This online training tutorial will explain the basic concepts, definitions and commonly used terms in Safety Instrumented Systems SIS and provide a basic understanding of related concepts.
Basics of Safety and Layers of Protection
Safety is provided by layers of protection. These layers start with safe and effective process control, extend to manual and automatic prevention layers, and continue with layers to mitigate the consequences of an event.
The first layer is the Basic Process Control System BPCS. The control system itself provides significant safety through proper design of process control.
The next layer of protection is also provided by the control system and the system operators. Automated shutdown sequences in the process control system combined with operator intervention to shut down the process are the next layer of safety.
The third layer is the Safety Instrumented System SIS. It is a safety system independent of the process control system. It has separate sensors, valves and logic system. No process control is performed in this system, its only role is safety.
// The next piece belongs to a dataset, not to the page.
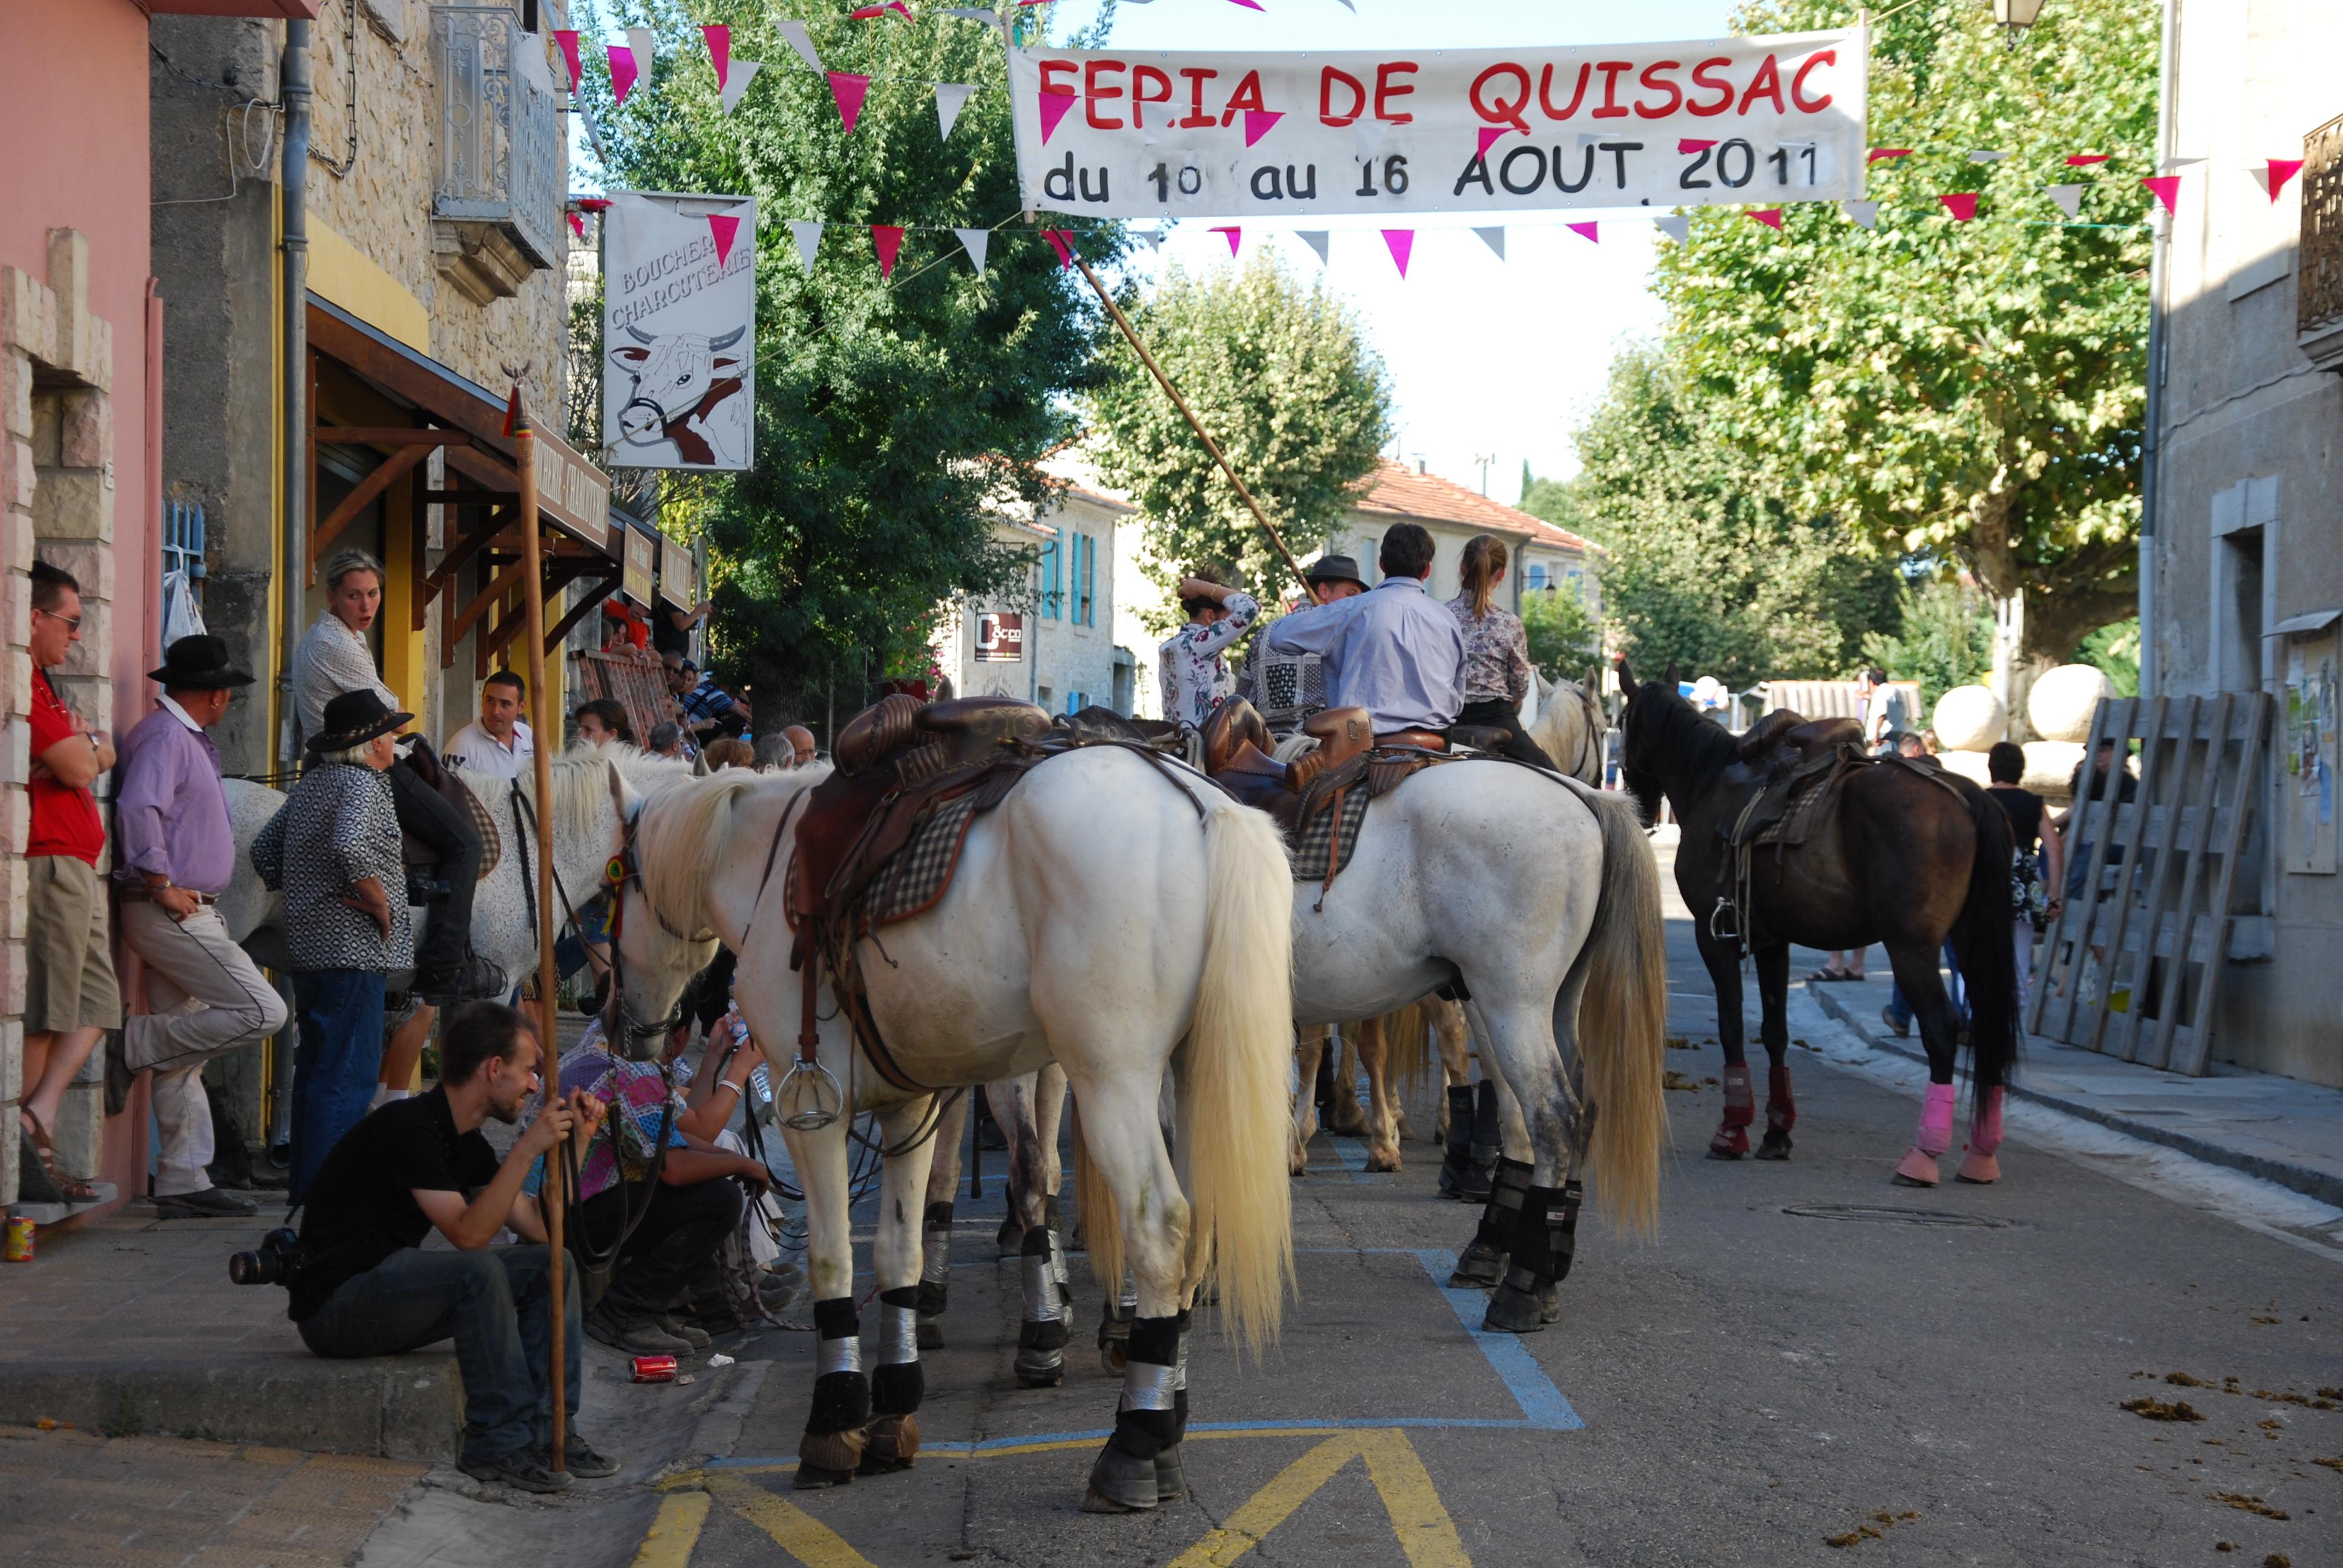 Quissac Feria

These layers are designed to prevent a safety related event. If a safety related event occurs there are additional layers designed to mitigate the impact of the event.
The fourth layer is an active protection layer. This layer may have valves or rupture disks designed to provide a relief point that prevents a rupture, large spill or other uncontrolled release that can cause an explosion or fire.
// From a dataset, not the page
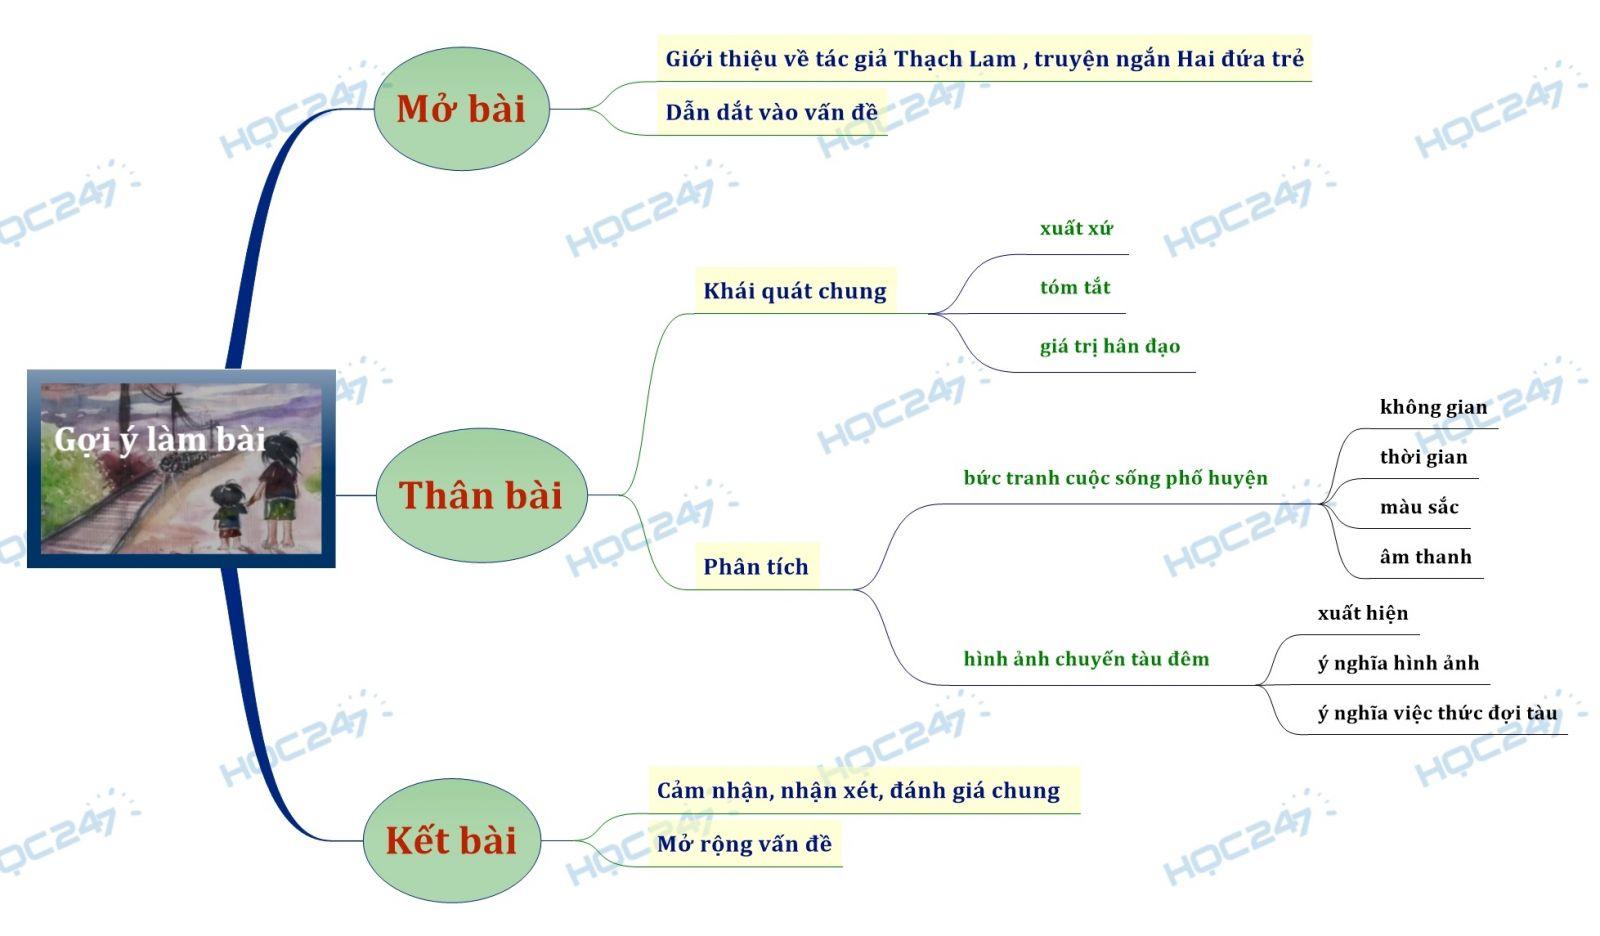 sơ đồ tư duy phân tích Hai đứa trẻ của Thạch Lam

The fifth layer is a passive protection layer. It may consist of a dike or other passive barrier that serves to contain a fire or channel the energy of an explosion in a direction that minimizes the spread of damage.
The final layer is plant and emergency response. If a large safety event occurs this layer responds in a way that minimizes ongoing damage, injury or loss of life. It may include evacuation plans, fire fighting, etc.
Overall safety is determined by how these layers work together.